Frequently Asked Questions

In which cases is it allowed to use a work under copyright protection without the author's authorisation?

It is allowed to use a work under copyright protection without the author's authorisation for the purposes of personal use or for scientific and educational purposes in accordance with § 19 of the Copyright Act.

What should I do if I want to publish a work protected with copyright?

In this case, the licence of the author, their representative organization or the rights holder is required. The Estonian Authors' Society represents musicians, artists and audio-visual authors in Estonia (film directors, screenwriters, cameramen, artists).  Writers and photographers do not have their own representative organization. The performers (actors, singers, musicians, dancers) are represented by the Estonian Performers Association and the phonogram producers by the Estonian Association of Phonogram Producers.

Should I refer to the National Library when using a work?

When using a work belonging in the National Library collection for other purposes than personal use, please refer to: "Source: National Library of Estonia". When publishing a work in print, it is good practice for the publisher to assign one copy of the work to the National Library in addition to the legal deposit according to the Legal Deposit Copy Act.

When using a work that is in the DIGAR digital archive, please use the reference: "Source: DIGAR digital archive"

To what extent can a work be used without the author's permission?

A work can be used for teaching and scientific research for the purpose of illustration to the extent justified by the purpose and on the condition that such use is not carried out for commercial purposes. You can also copy a work to the extent justified by the purpose, for example, a magazine article, a table of contents of a book and some chapters. Copying an entire book is generally not considered to be in the extent justified by the purpose.
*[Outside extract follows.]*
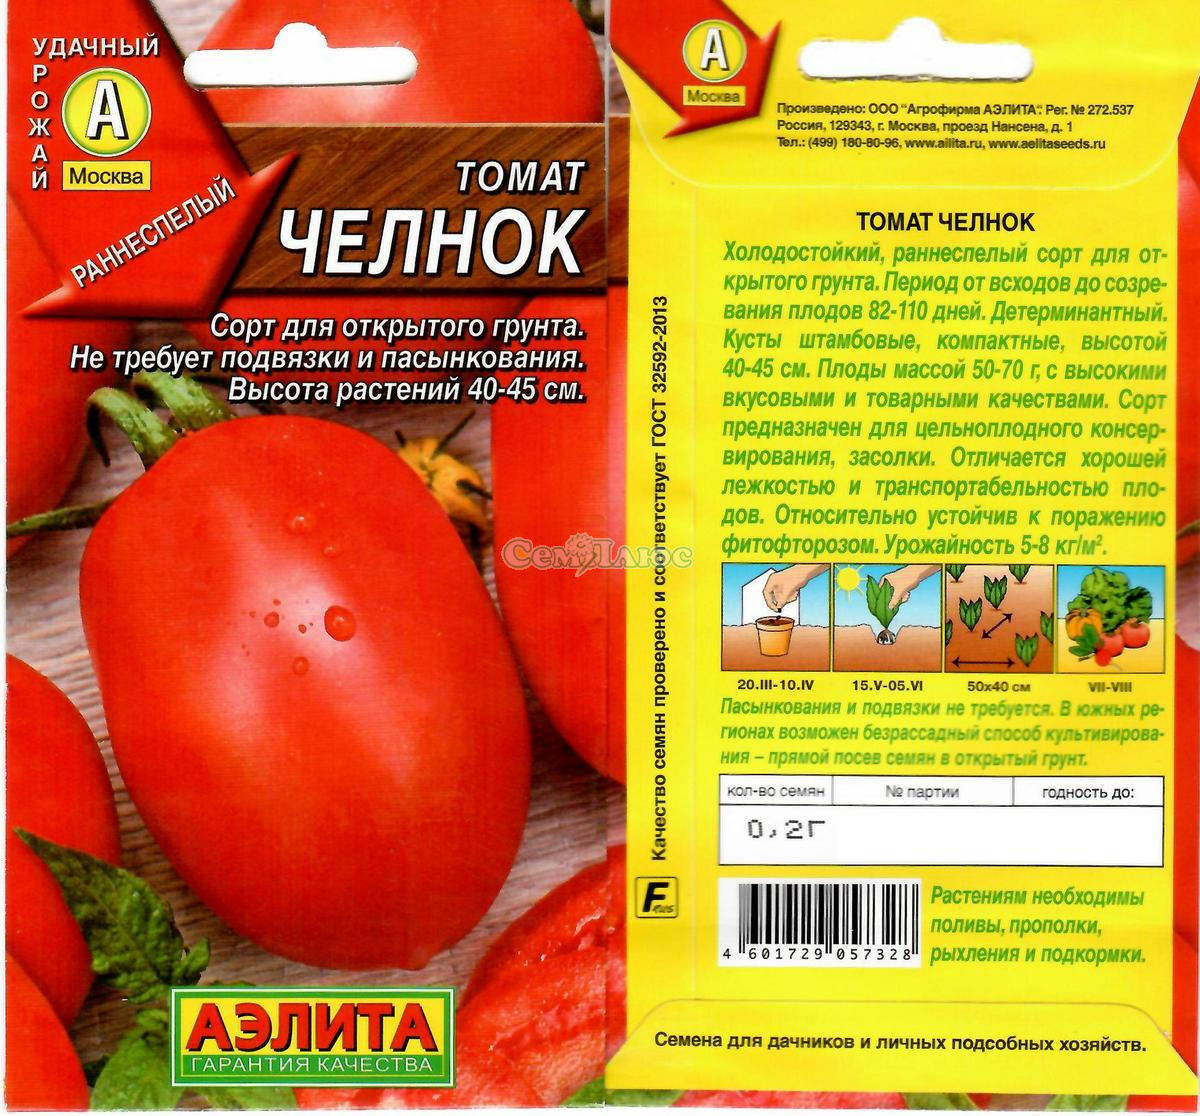 Характеристика и описание сорта помидор «т 34 f1»: достоинства и недостатки
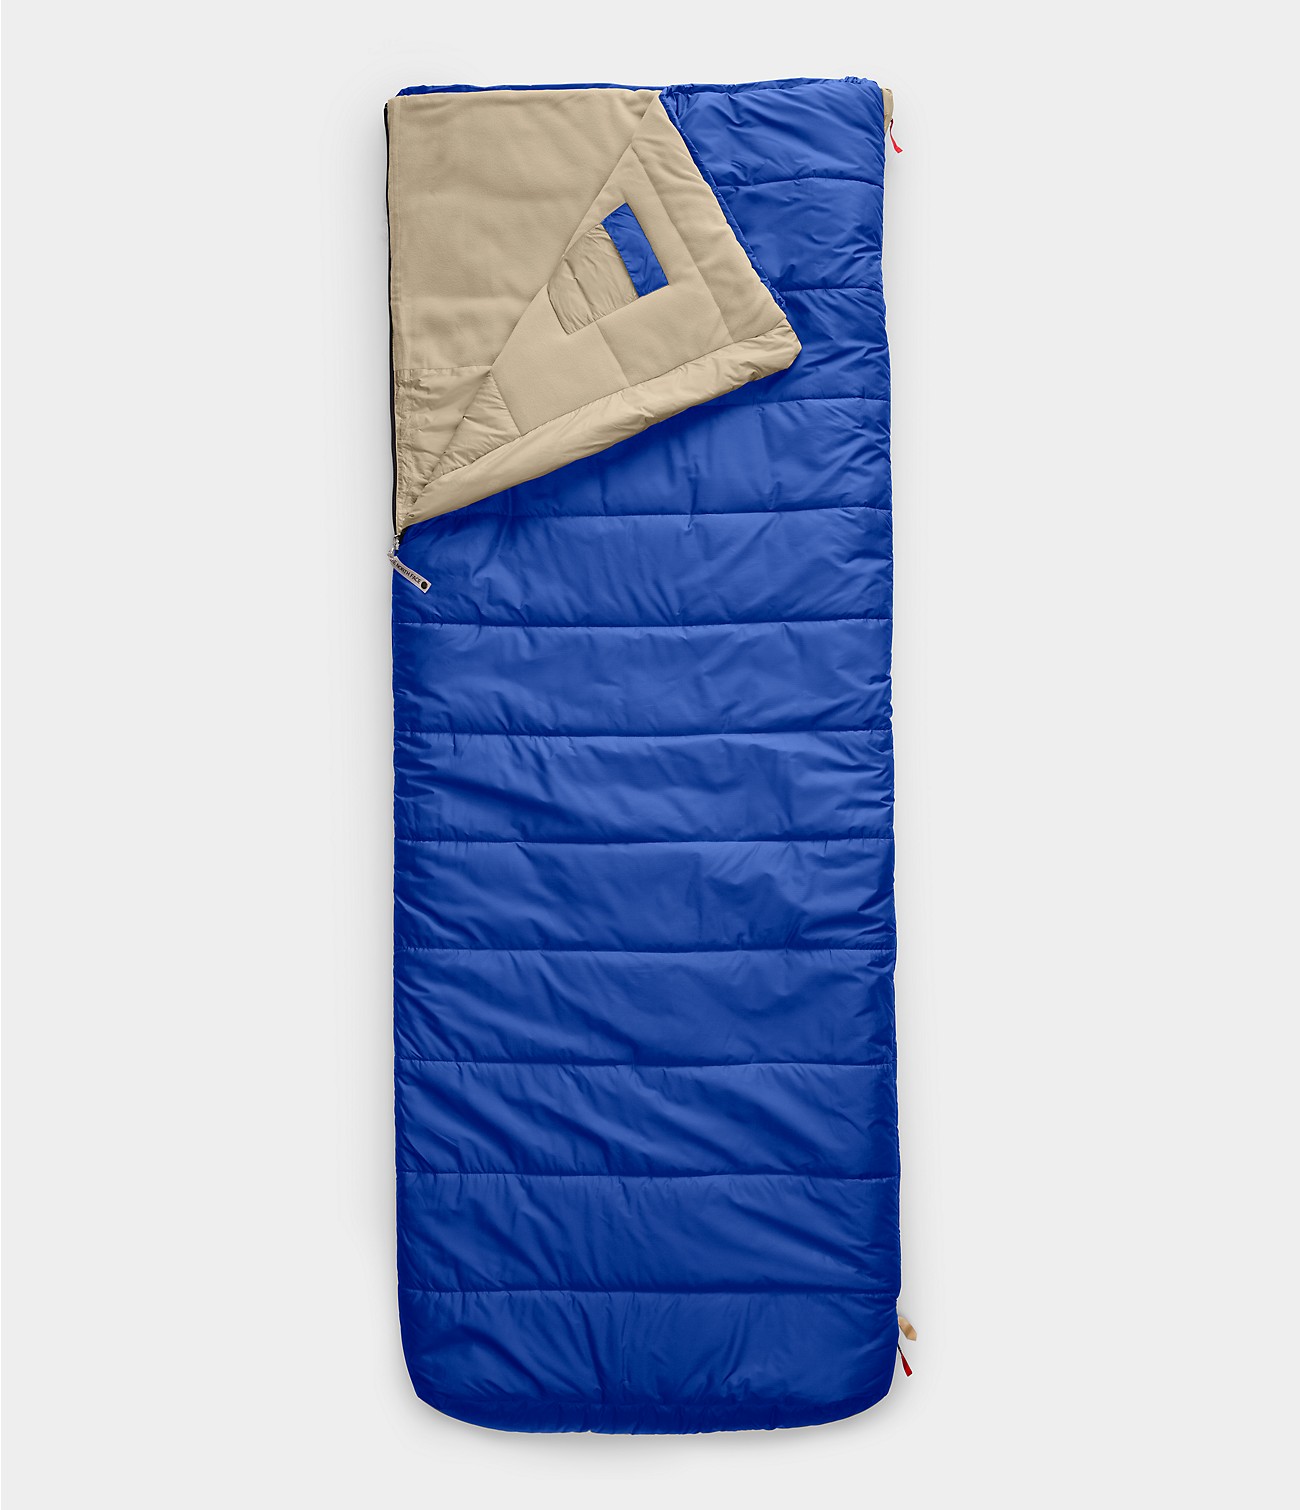 Eco Trail Bed—20 Sleeping Bag

Which works could not be copied?

Without the author's consent, it is prohibited to copy notes in reprographic form, works of visual art of limited edition, electronic databases and computer programs (§ 18 section 2 of the Copyright Act). Audio- visual works and sound recordings are also not copied in the National Library.

What works are protected with copyright?

Copyright covers any original results in the literary, artistic or scientific domain which are expressed in an objective form and can be perceived and reproduced in this form either directly or by means of technical devices.

  • ideas, images, notions, theories, processes, systems, methods, concepts, principles, discoveries, inventions, and other results of intellectual activities which are described, explained or expressed in any other manner in a work,

  • works of folklore,

  • legislation and administrative documents (acts, decrees, regulations, statutes, instructions, directives) and official translations thereof,

  • court decisions and official translations thereof,

  • official symbols of the state and insignia of organisations (flags, coats of arms, orders, medals, badges, etc.),

  • news of the day,

  • facts and data,

  • ideas and principles which underlie any element of a computer program, including those which underlie its user interfaces.

Thus, anyone can freely use works of folklore, legislation and administrative documents, court rulings and their official translations. It should be borne in mind that unofficial translations of legislation are subject to protection of copyright as well as draft proposals.

What am I allowed to do with a work that’s term of protection of copyright has expired?

The term of protection of copyright is the life of the author and seventy years after his or her death. The term of copyright expires on 1 January of the year following the author's death or the year after the publication or creation of the work. The work will be in public domain after the term of the protection of copyright.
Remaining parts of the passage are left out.